[[ ENTRIES PROVIDED, beginning ]]

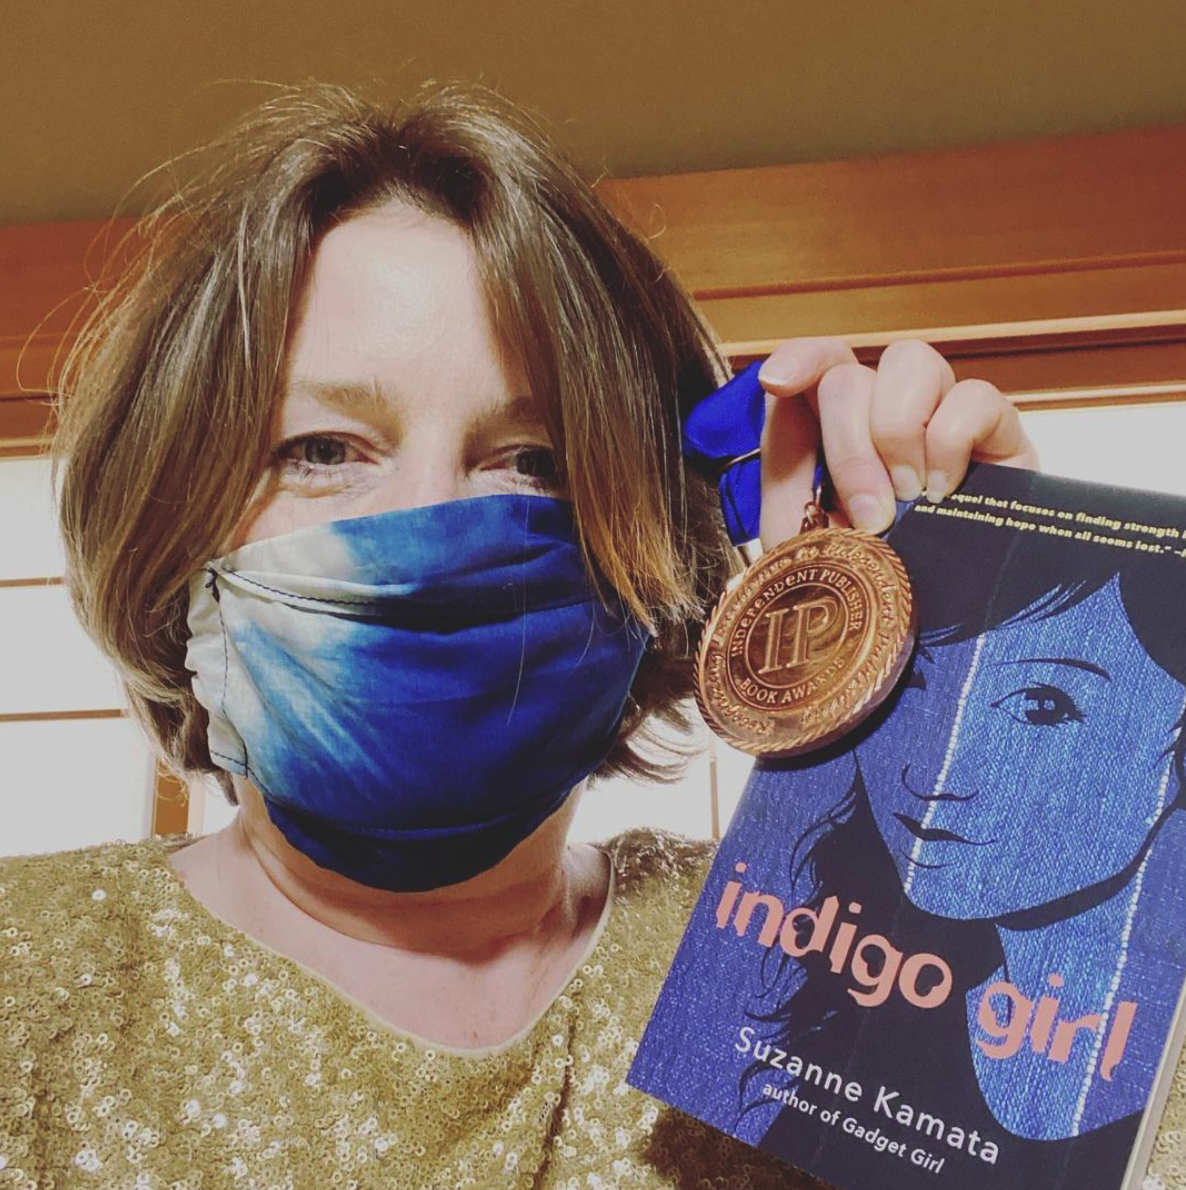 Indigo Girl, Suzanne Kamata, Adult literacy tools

[[ ENTRIES PROVIDED, end ]]
[[ ENTRIES PROVIDED, beginning ]]

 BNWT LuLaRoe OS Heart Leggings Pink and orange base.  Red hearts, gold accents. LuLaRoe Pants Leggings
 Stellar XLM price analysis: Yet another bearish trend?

[[ ENTRIES PROVIDED, end ]]
[[ ENTRIES PROVIDED, beginning ]]

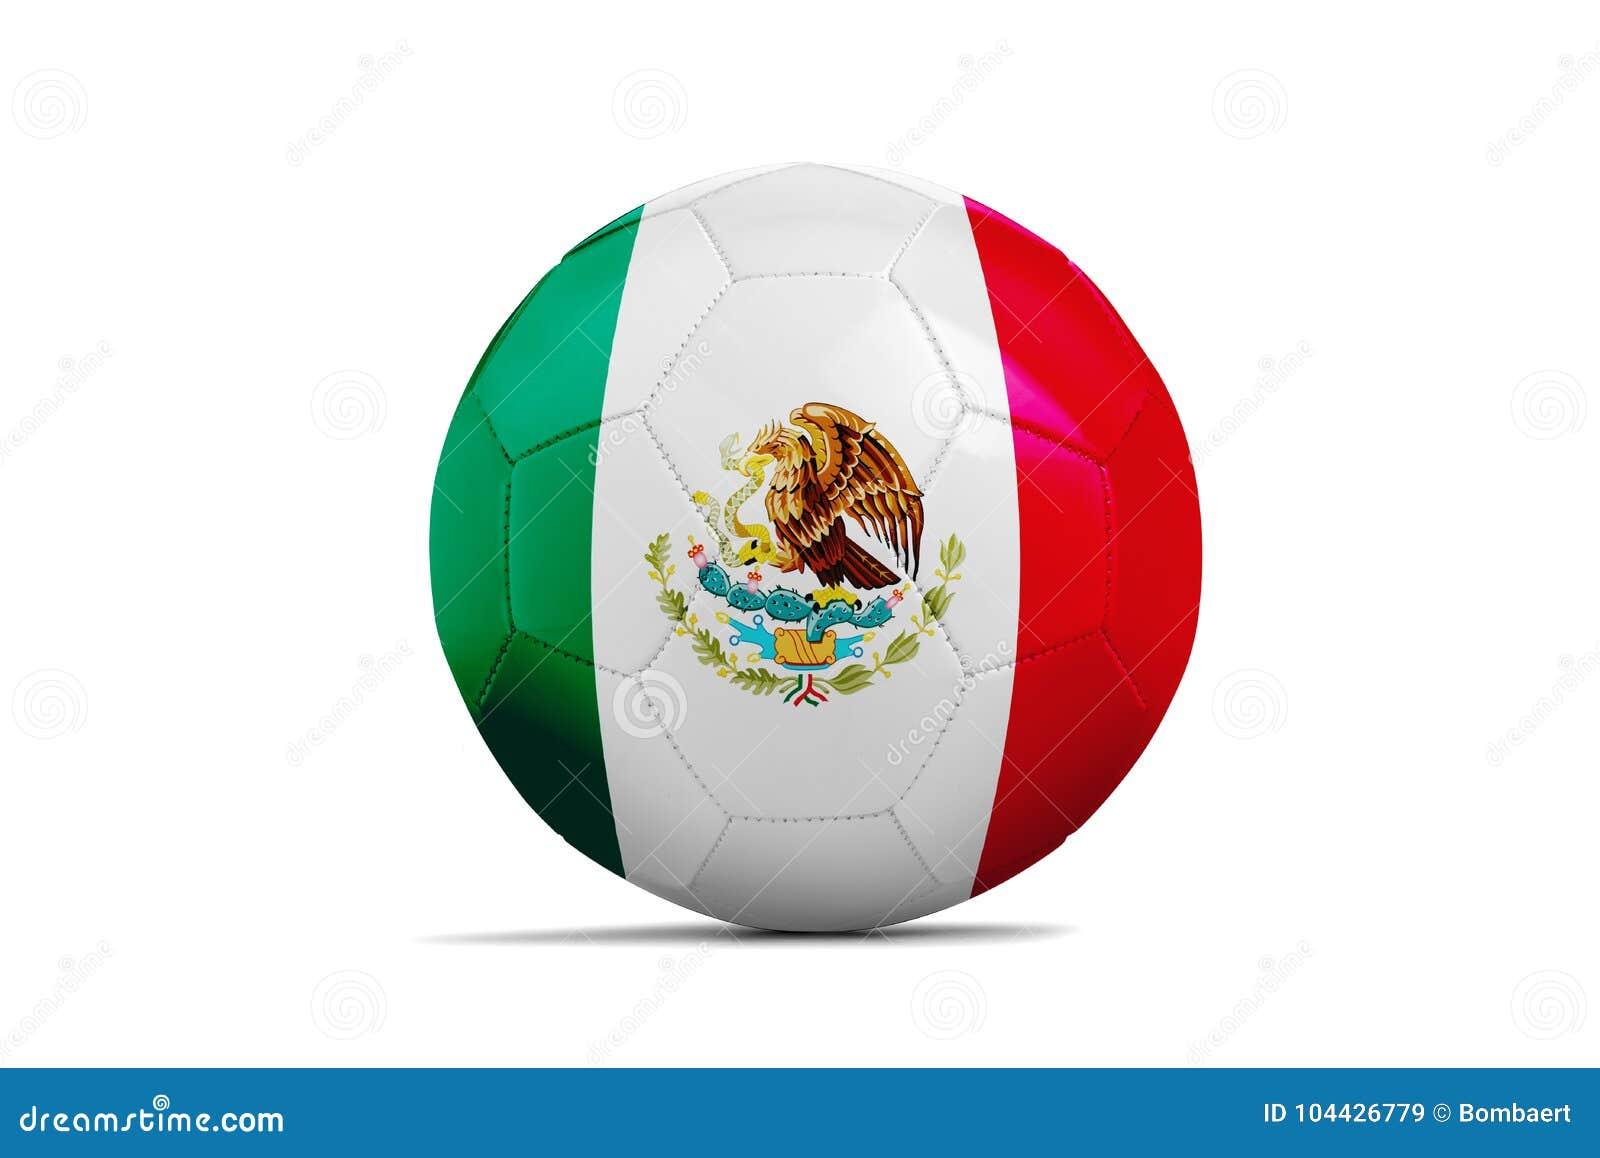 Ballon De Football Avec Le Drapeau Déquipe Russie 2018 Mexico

[[ ENTRIES PROVIDED, end ]]

*WHAT TO WORK ON*.
Would you print exactly and only the lines of the material above that run from the line with "BNWT LuLaRoe OS" through the line with "Stellar XLM price", both included?

*ANSWER FOR THIS EXERCISE*.
 BNWT LuLaRoe OS Heart Leggings Pink and orange base.  Red hearts, gold accents. LuLaRoe Pants Leggings
 Stellar XLM price analysis: Yet another bearish trend?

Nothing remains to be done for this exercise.